- Born: 1584 Troyes
- Died: 1 June 1641 (aged 56–57) Château de Laplaud, Oradour-sur-Glane, Haute-Vienne
- Known for: Salon holder

= Marie Bruneau des Loges =

French Salon holder

Marie Bruneau des Loges (1584 – 1 June 1641), was a French salon holder.

==Biography==
She was the youngest daughter of Huguenot Sébastien Bruneau. Her father was wealthy and moved to Paris, when he became secretary to the King Henry IV.
Des Loges moved to La Rochelle with him when he retired. He moved to avoid persecution as a Huguenot.

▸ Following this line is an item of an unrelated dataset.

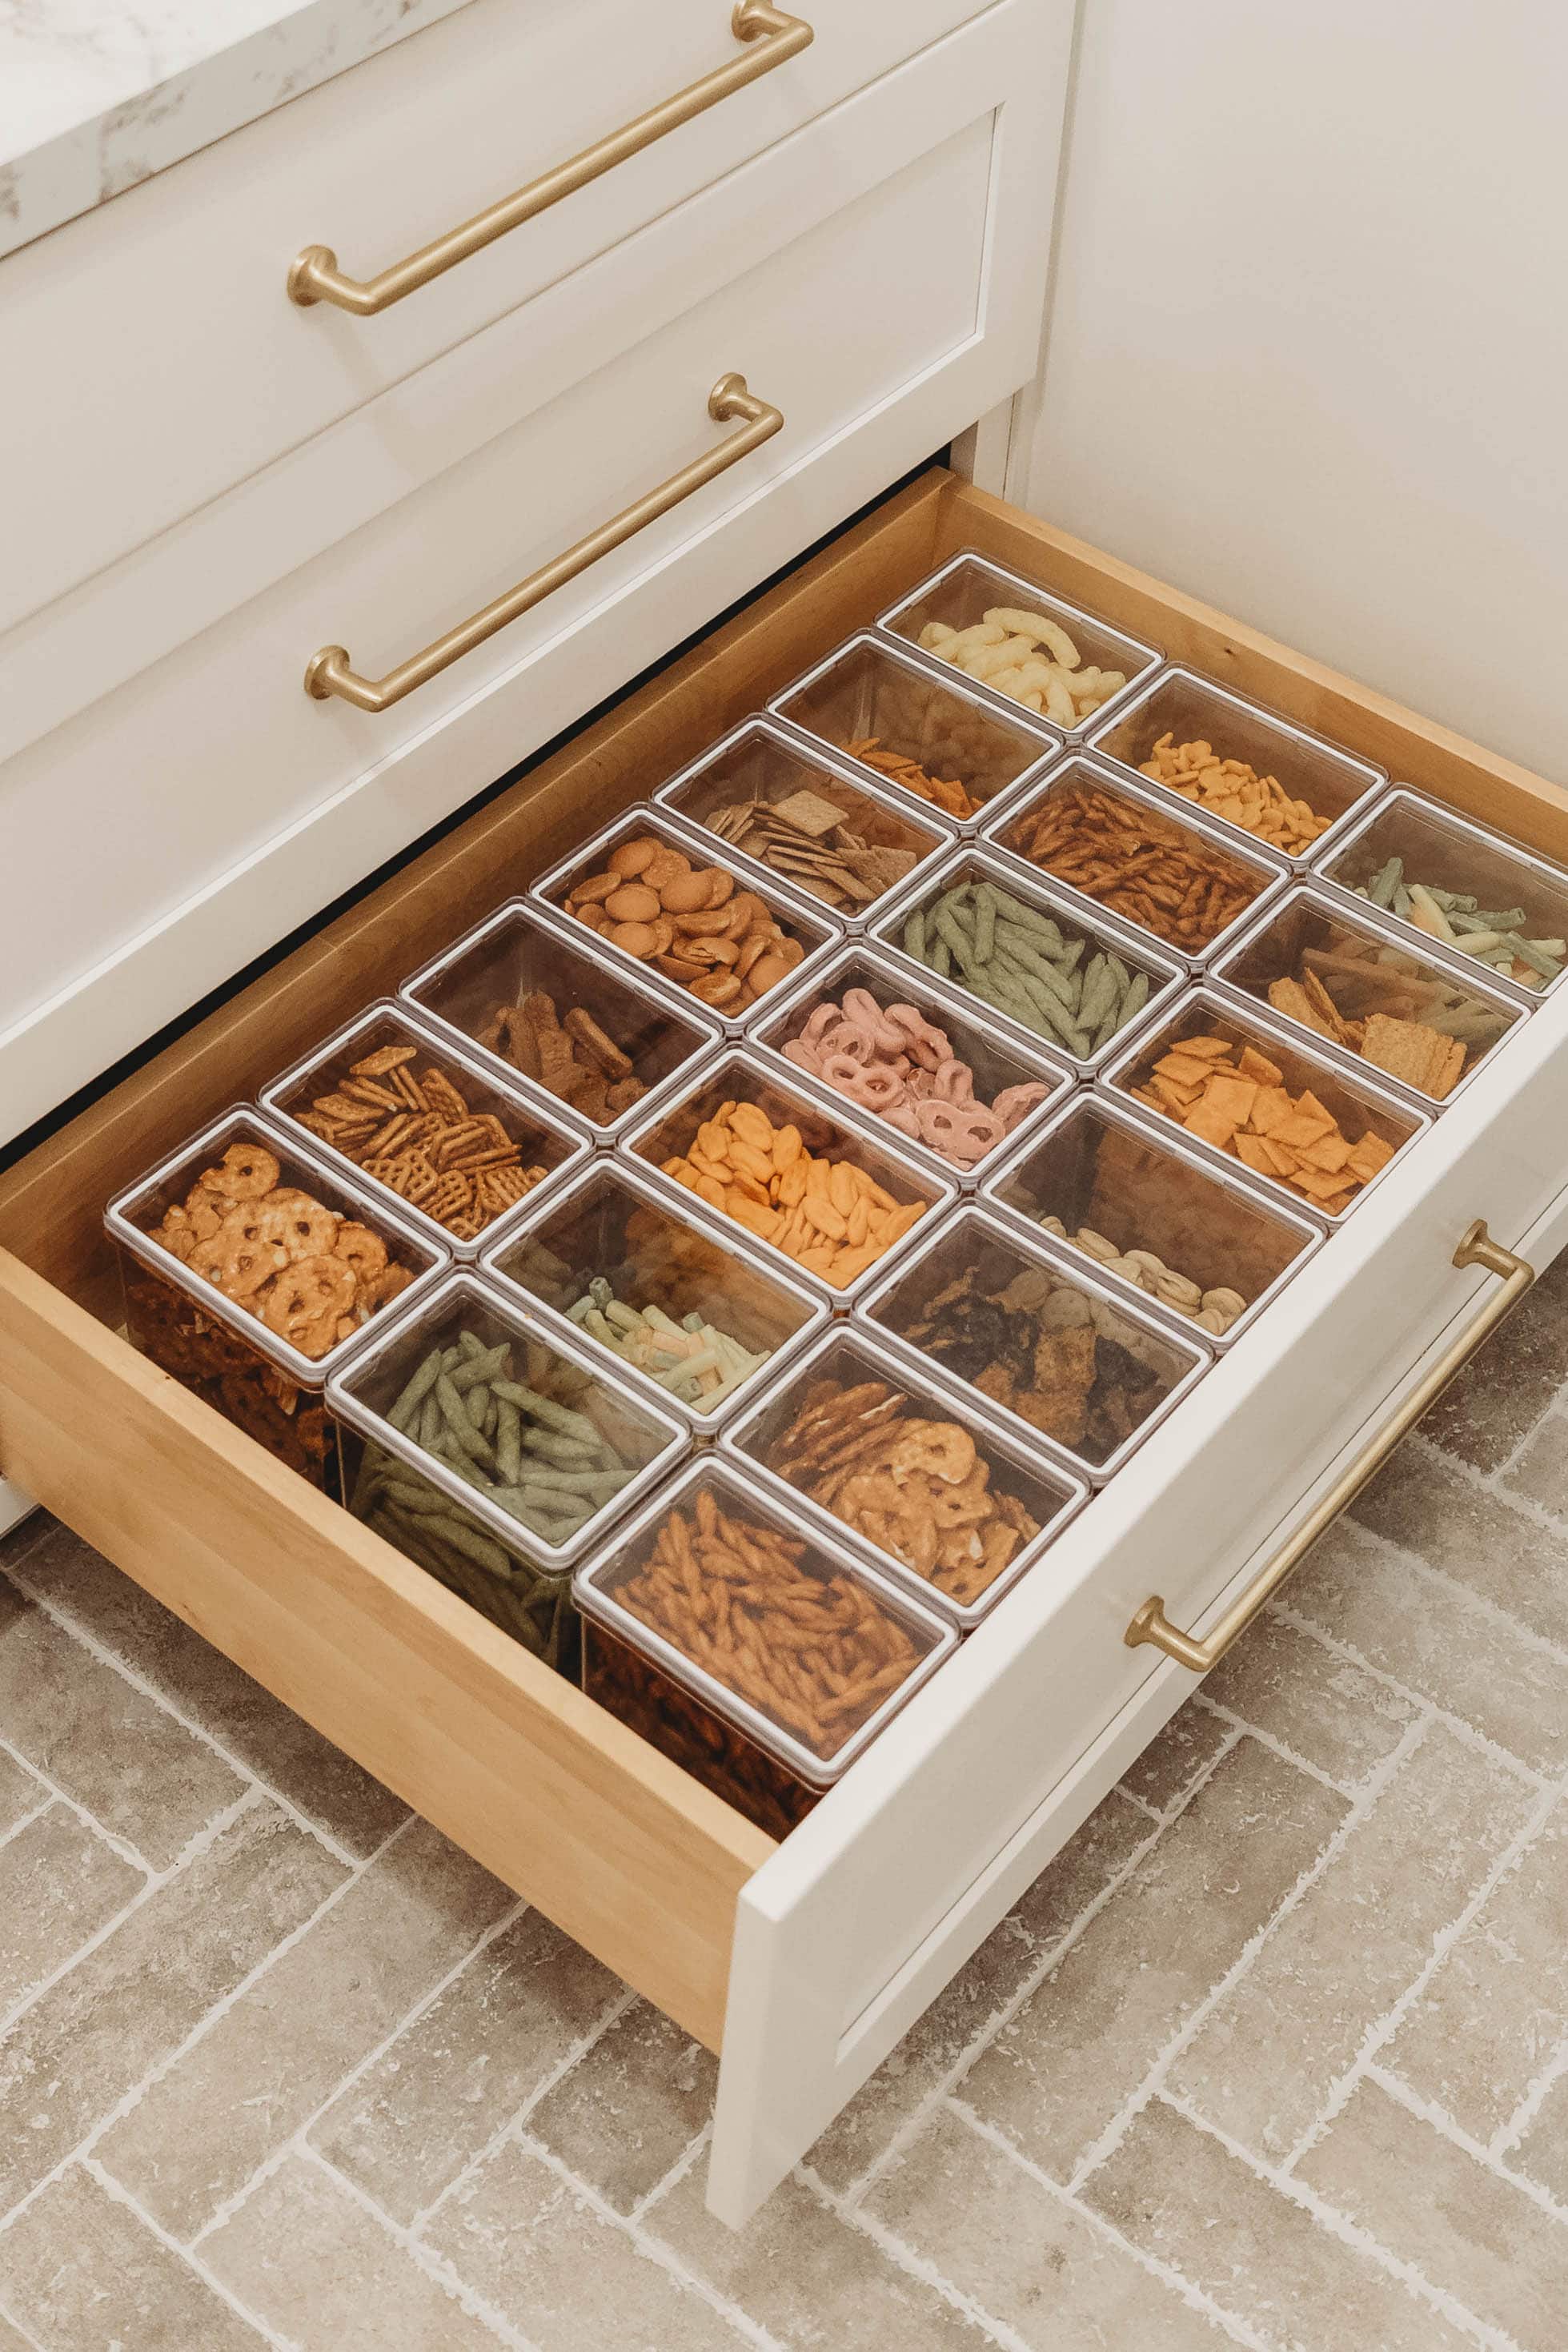 Bottom pantry drawer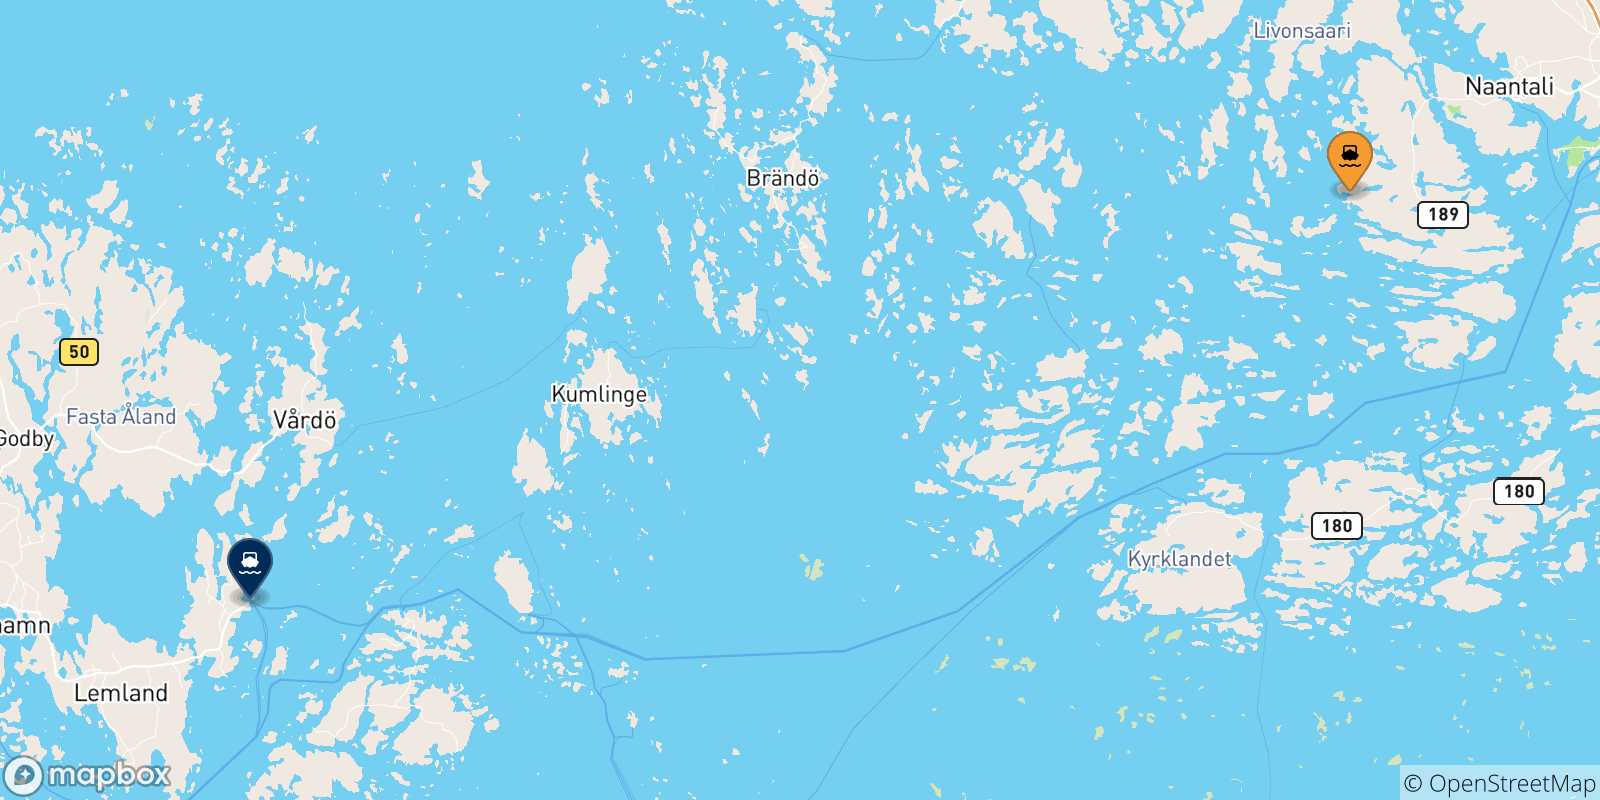 Mappa delle possibili rotte tra Naantali e la Finlandia

Des Loges married Charles de Rechignevoisin, lord of a noble family from Poitou. She began to hold salons in 1603 where her charm and spirit made her a celebrity in Paris. Her salons were popular and she was well loved in court. While des Loges was a popular figure under Louis XIII, she got caught up in the court intrigues around Gaston, Duke of Orléans. She moved out of Paris in 1629 due to an order from Cardinal Richelieu. She moved with her eldest daughter who had married M. d'Oradour. Des Loges did not come back to Paris until 1636. She had two sons die in battle, one in 1620 at the Battle of Prague and the other in 1637 at the siege of Breda.